The Secret Service has ended its investigation of the cocaine found at the White House without identifying a suspect.

Chris Christie says he has notched the 40,000-donor threshold needed to qualify for the Republican presidential debate stage.

Sen. Joe Manchin (D-WV) is set to headline an event in New Hampshire sponsored by No Labels next week, spooking Democrats who are worried that Manchin will mount a third-party bid backed by the group in 2024.

Ray Epps, the Arizona man who has figured prominently in right-wing conspiracy theories about January 6th, is suing Fox News and Tucker Carlson for defamation.

“These are not serious people,” Sen. Mitt Romney (R-UT) said Wednesday of House Republicans seeking to expunge former President Trump’s impeachments, quoting Logan Roy of “Succession.”

After years of depleting their early voting numbers by equating mail-in voting with fraud, Republicans have made a reversal and are now urging their voters to cast their ballots early.

The day ahead.

President Biden is in Helsinki, Finland, for the U.S.-Nordic Leaders' Summit. He met earlier this morning with President Sauli Niinistö of the Republic of Finland and held a larger meeting with the other Nordic leaders. Later today, he will hold a joint press conference with Niinistö before returning to Washington, D.C.

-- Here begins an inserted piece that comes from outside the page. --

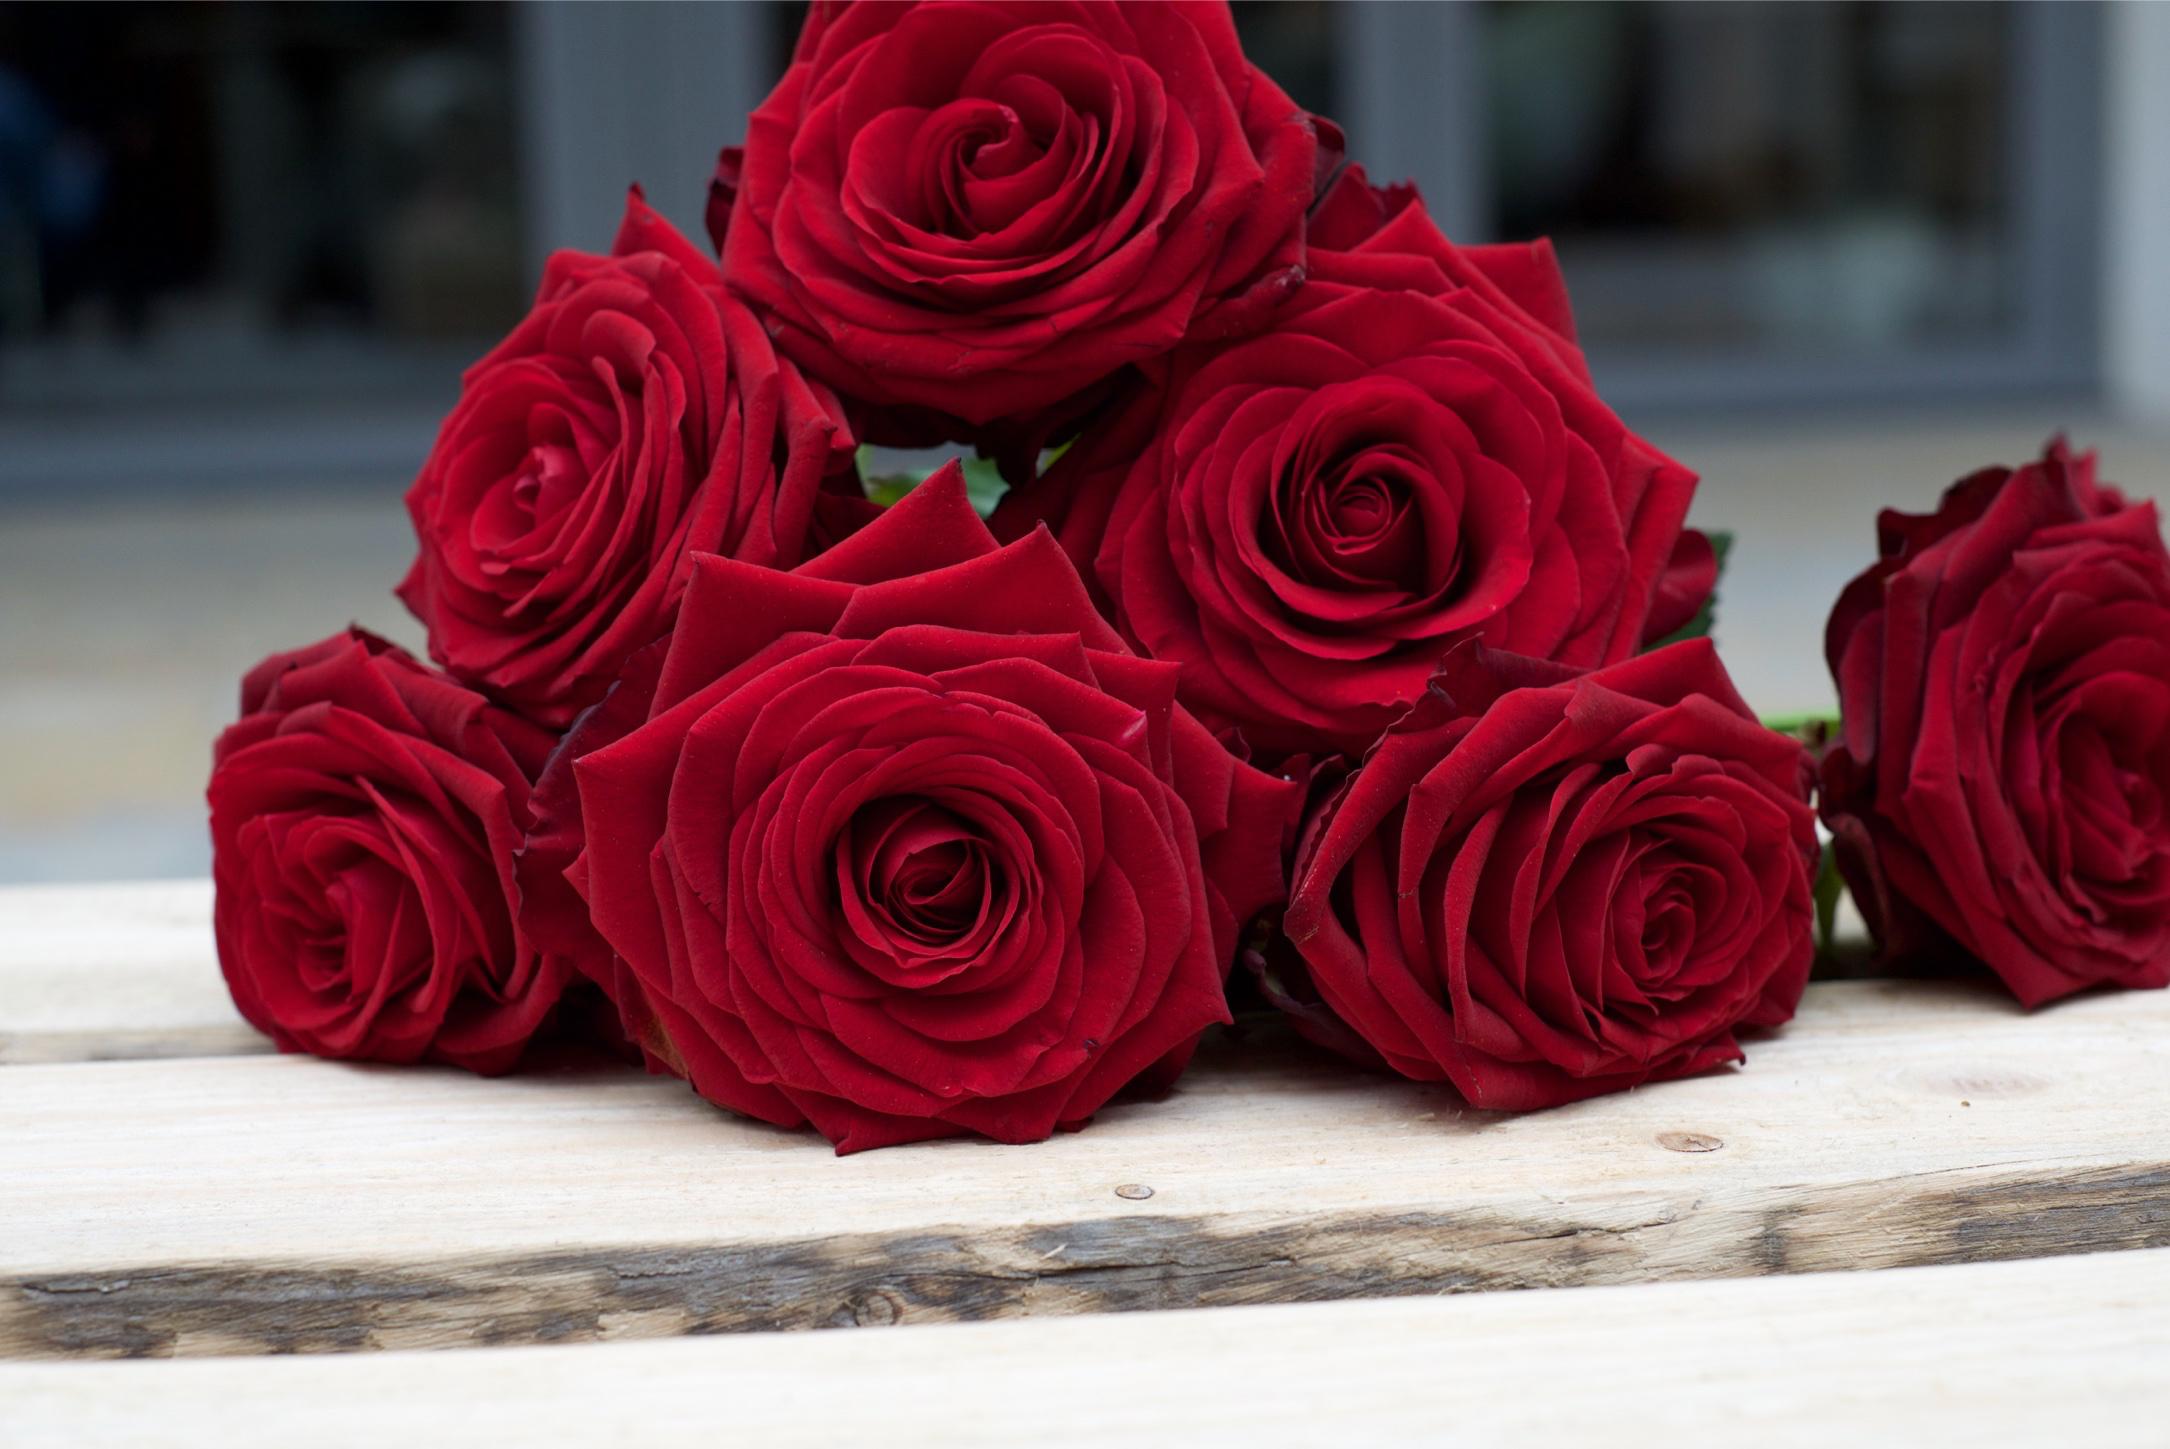 Rode rozen op kist - Afscheidsfotografie x STiP Fotografie

First Lady Jill Biden will deliver remarks on workforce training programs at the National Governors Association (NGA) annual meeting in Atlantic City, New Jersey.

The Senate will vote to confirm Kalpana Kotagal as a member of the Equal Employment Opportunity Commission.  

The House will continue consideration of the National Defense Authorization Act for Fiscal Year 2024, the annual defense policy package. Passage of the measure could be complicated by the inclusion of several right-wing amendments.

Before I go...

Let’s end with something lighter. St. Louis’ NBC affiliate KSDK reports:

In the quiet countryside at Waterloo, Illinois, lies a hidden sanctuary that holds a remarkable power to heal and transform lives. Welcome to Dude’s Playground, a haven where disabled veterans discover solace, friendship, and a flicker of hope amidst nature's embrace.

Dude’s Playground was established by Richard Melching, a former soldier who was driven to despair after returning from his service. Named for his dog “Dude,” the retreat offers a refuge for fellow veterans in similar situations.

Dude’s Playground offers a range of leisure activities, from fishing in tranquil waters to embracing the camaraderie reminiscent of their military service. Veterans find solace in unloading their burdens within the sanctuary’s safe haven, allowing wounds — both seen and unseen — to heal.